Mushroom Pesto Crostini
- 30g dried porcini mushrooms
- 225g white button mushrooms, quartered
- 50g walnuts, toasted
- 2 garlic cloves
- 40g fresh Italian parsley leaves
- 180ml olive oil
- 70g freshly grated Parmesan
- Salt and freshly ground black pepper
- 36 slices (1cm-thick) baguette bread
Place the porcini mushrooms in a bowl of hot water; press to submerge. Let stand until the mushrooms are tender, about 15 minutes. Scoop out mushrooms, being carefully not to stir any dirt that may have sunk to the bottom of the water. Discard mushroom water.
Combine the porcini mushrooms, button mushrooms, walnuts, garlic, and parsley in a food processor and pulse until coarsely chopped. With the machine running, gradually add 60ml of the oil, blending just until the mushrooms are finely chopped.
Transfer the mushroom mixture to a medium bowl.
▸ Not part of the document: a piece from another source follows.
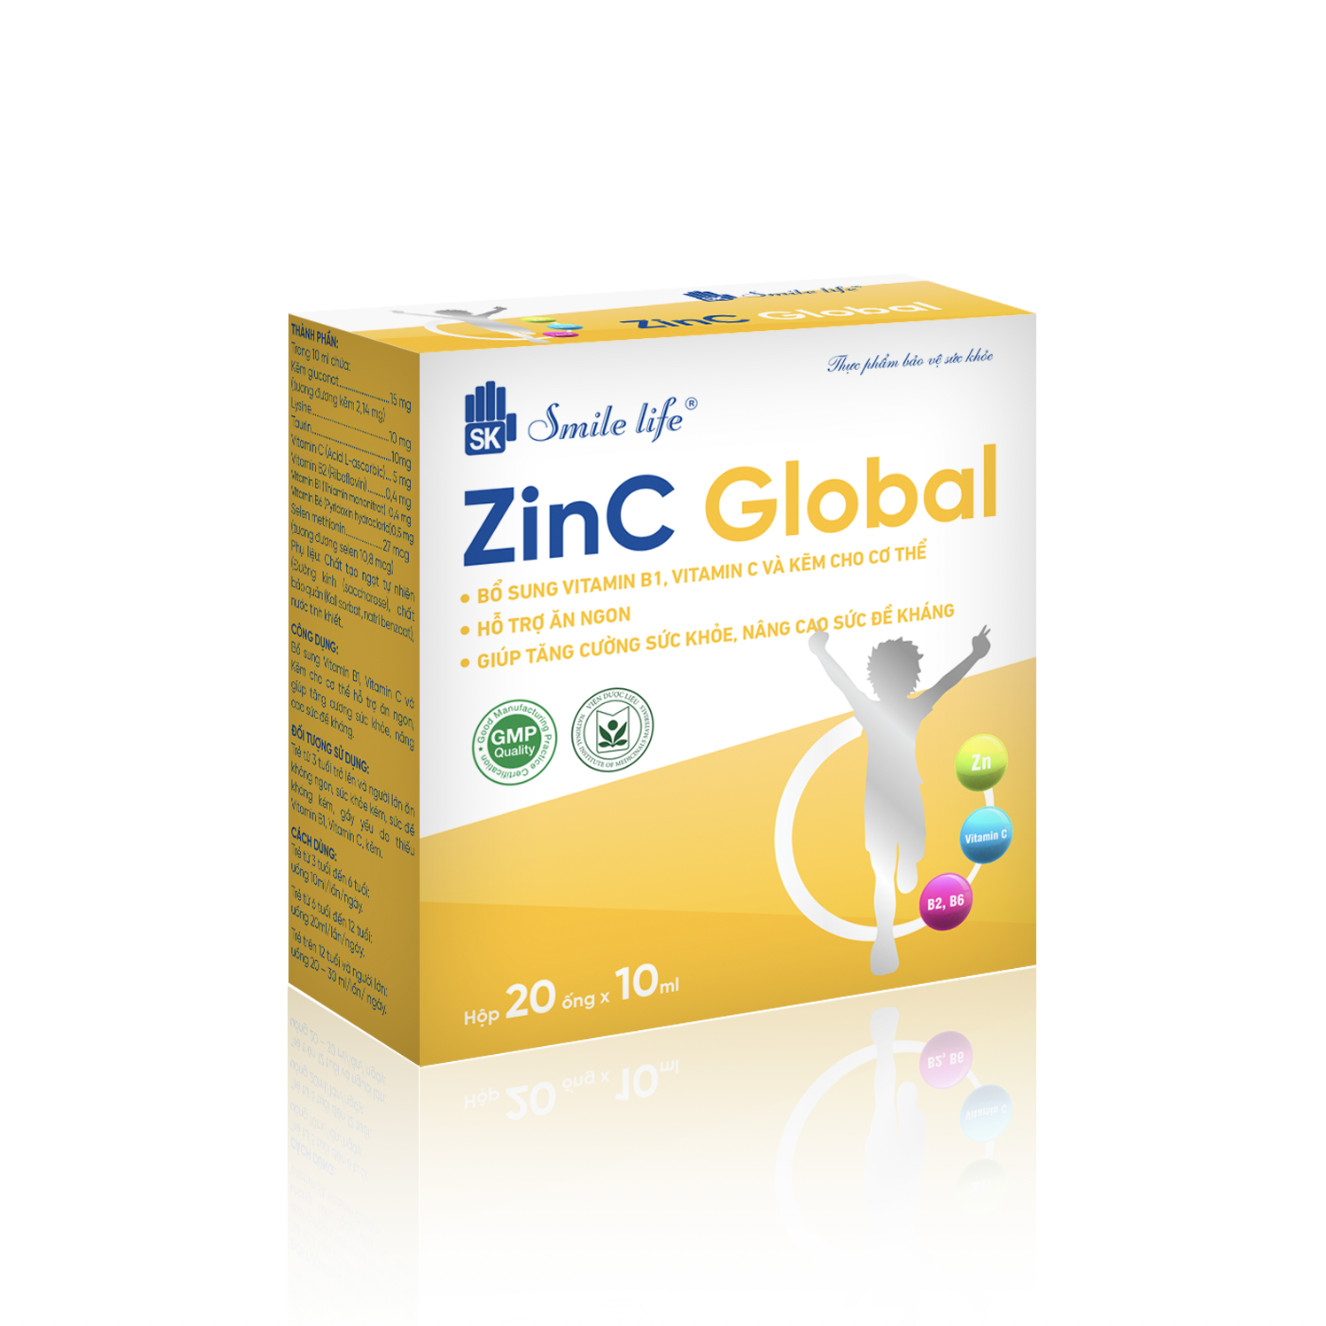 Sản phẩm Zinc Global

Stir in the Parmesan. Season the pesto with salt and pepper, to taste. If not using mushroom pesto right away, cover tightly with plastic wrap to prevent possible discoloration of mushrooms.
Preheat a griddle pan to medium-high heat. Arrange the bread slices on pan, cut-side down. Brush the remaining oil over the bread slices. Cook until pale golden and crisp, about 5 minutes.
Alternatively, you can toast the bread in the oven. Preheat the oven to 190°C/gas mark 5. Arrange the bread slices on two heavy, large baking sheets. Brush the remaining 60ml of oil over the bread slices. Bake until pale golden and crisp, about 15 minutes.
Spread the mushroom pesto over the crostini. Arrange the crostini on a platter and serve.